→ Task instructions
When you reach the line that contains "Mr. John Mitchell" in the data below, start reproducing lines exactly, and stop after the line that contains "The French Mesh Bag".

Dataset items
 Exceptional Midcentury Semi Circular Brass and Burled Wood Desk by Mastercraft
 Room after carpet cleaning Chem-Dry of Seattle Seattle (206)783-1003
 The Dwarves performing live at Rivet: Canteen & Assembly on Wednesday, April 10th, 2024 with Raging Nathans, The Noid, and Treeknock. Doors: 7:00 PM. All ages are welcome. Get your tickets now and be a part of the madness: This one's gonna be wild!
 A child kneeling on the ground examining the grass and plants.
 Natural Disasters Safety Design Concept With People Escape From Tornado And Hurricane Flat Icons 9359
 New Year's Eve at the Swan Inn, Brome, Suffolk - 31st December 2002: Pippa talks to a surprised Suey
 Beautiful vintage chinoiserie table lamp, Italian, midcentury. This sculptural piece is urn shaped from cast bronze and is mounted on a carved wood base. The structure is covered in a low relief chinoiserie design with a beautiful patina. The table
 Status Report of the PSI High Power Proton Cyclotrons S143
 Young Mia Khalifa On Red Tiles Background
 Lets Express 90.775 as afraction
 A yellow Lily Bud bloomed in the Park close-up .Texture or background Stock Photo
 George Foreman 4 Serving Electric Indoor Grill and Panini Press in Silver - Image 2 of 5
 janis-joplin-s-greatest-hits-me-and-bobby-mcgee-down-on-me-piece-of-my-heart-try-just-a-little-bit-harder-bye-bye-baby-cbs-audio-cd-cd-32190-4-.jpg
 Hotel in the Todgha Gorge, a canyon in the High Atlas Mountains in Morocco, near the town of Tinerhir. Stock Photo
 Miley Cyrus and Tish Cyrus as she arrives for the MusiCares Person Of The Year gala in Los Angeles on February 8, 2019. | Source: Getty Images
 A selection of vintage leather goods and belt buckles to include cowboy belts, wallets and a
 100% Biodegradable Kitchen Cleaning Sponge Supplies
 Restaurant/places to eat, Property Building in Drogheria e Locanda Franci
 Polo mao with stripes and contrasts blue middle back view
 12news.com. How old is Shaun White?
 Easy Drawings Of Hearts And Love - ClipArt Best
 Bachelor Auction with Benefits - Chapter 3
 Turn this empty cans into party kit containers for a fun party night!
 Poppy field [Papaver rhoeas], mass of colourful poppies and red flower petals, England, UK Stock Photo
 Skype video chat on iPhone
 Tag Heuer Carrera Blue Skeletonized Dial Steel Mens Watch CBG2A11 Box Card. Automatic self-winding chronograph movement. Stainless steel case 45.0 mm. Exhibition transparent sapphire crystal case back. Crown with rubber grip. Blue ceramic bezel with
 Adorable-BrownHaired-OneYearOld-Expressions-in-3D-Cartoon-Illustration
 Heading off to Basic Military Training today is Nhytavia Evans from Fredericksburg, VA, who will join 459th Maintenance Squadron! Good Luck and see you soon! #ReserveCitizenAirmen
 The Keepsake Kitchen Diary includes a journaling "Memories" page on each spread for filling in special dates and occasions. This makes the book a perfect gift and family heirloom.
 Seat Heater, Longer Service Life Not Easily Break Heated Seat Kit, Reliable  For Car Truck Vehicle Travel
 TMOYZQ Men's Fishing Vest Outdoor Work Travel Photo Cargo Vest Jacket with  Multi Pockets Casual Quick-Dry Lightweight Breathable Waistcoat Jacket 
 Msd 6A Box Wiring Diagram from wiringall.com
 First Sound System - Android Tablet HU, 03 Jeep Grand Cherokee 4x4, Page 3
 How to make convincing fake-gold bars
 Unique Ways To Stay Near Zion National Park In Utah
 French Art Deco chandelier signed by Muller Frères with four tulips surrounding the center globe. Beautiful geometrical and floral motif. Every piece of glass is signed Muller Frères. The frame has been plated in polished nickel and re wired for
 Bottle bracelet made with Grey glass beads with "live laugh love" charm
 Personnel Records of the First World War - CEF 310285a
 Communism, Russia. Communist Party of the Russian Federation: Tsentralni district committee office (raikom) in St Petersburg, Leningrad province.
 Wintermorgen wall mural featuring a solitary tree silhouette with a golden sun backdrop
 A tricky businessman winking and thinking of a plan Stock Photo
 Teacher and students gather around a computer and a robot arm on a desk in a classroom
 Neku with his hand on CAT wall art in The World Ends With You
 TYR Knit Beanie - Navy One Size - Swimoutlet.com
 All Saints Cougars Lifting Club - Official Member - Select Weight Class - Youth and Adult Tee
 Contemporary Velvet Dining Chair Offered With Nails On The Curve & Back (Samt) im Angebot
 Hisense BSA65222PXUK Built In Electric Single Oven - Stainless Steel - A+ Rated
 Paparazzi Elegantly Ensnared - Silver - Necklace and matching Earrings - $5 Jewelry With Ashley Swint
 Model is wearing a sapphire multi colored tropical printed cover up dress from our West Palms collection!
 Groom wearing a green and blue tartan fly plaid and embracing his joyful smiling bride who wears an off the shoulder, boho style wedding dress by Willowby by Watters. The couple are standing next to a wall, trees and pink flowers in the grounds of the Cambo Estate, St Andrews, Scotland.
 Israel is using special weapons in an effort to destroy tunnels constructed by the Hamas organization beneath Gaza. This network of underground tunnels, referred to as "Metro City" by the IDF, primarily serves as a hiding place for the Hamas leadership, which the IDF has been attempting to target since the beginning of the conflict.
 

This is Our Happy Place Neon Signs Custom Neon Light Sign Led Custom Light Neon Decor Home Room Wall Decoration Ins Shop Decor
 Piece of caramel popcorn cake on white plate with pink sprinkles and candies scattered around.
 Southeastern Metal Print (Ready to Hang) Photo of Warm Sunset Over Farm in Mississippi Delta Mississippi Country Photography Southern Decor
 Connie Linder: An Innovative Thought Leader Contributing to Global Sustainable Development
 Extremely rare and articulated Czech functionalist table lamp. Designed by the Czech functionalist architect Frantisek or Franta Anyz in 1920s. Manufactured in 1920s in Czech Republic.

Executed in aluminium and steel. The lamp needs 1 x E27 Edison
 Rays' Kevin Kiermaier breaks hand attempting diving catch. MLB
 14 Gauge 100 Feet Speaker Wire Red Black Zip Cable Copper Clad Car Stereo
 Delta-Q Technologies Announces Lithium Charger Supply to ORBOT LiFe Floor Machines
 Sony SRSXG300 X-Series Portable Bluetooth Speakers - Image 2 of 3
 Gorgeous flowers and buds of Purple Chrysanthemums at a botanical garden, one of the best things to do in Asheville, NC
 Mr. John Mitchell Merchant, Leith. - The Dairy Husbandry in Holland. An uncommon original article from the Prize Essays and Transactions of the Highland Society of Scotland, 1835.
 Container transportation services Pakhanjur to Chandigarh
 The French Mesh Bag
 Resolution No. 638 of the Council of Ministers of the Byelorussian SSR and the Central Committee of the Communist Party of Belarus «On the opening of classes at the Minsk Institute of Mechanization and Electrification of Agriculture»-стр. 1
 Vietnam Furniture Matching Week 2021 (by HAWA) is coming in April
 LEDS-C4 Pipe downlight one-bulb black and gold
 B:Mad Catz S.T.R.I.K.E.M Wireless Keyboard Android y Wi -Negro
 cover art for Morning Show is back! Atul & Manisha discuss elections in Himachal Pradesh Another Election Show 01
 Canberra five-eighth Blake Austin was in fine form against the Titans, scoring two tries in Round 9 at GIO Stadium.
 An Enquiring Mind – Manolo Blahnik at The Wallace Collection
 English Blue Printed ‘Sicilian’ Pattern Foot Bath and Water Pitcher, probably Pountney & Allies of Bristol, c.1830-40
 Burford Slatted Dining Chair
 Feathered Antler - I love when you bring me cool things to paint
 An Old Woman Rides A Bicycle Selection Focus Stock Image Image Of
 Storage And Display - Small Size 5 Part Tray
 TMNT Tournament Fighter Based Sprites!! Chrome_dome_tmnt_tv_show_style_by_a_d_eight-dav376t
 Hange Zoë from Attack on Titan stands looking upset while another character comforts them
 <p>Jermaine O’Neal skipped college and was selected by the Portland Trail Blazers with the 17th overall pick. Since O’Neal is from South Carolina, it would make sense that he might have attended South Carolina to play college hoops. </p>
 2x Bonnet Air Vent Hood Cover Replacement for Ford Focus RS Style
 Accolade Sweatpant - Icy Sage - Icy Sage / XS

→ Solved problem
 Mr. John Mitchell Merchant, Leith. - The Dairy Husbandry in Holland. An uncommon original article from the Prize Essays and Transactions of the Highland Society of Scotland, 1835.
 Container transportation services Pakhanjur to Chandigarh
 The French Mesh Bag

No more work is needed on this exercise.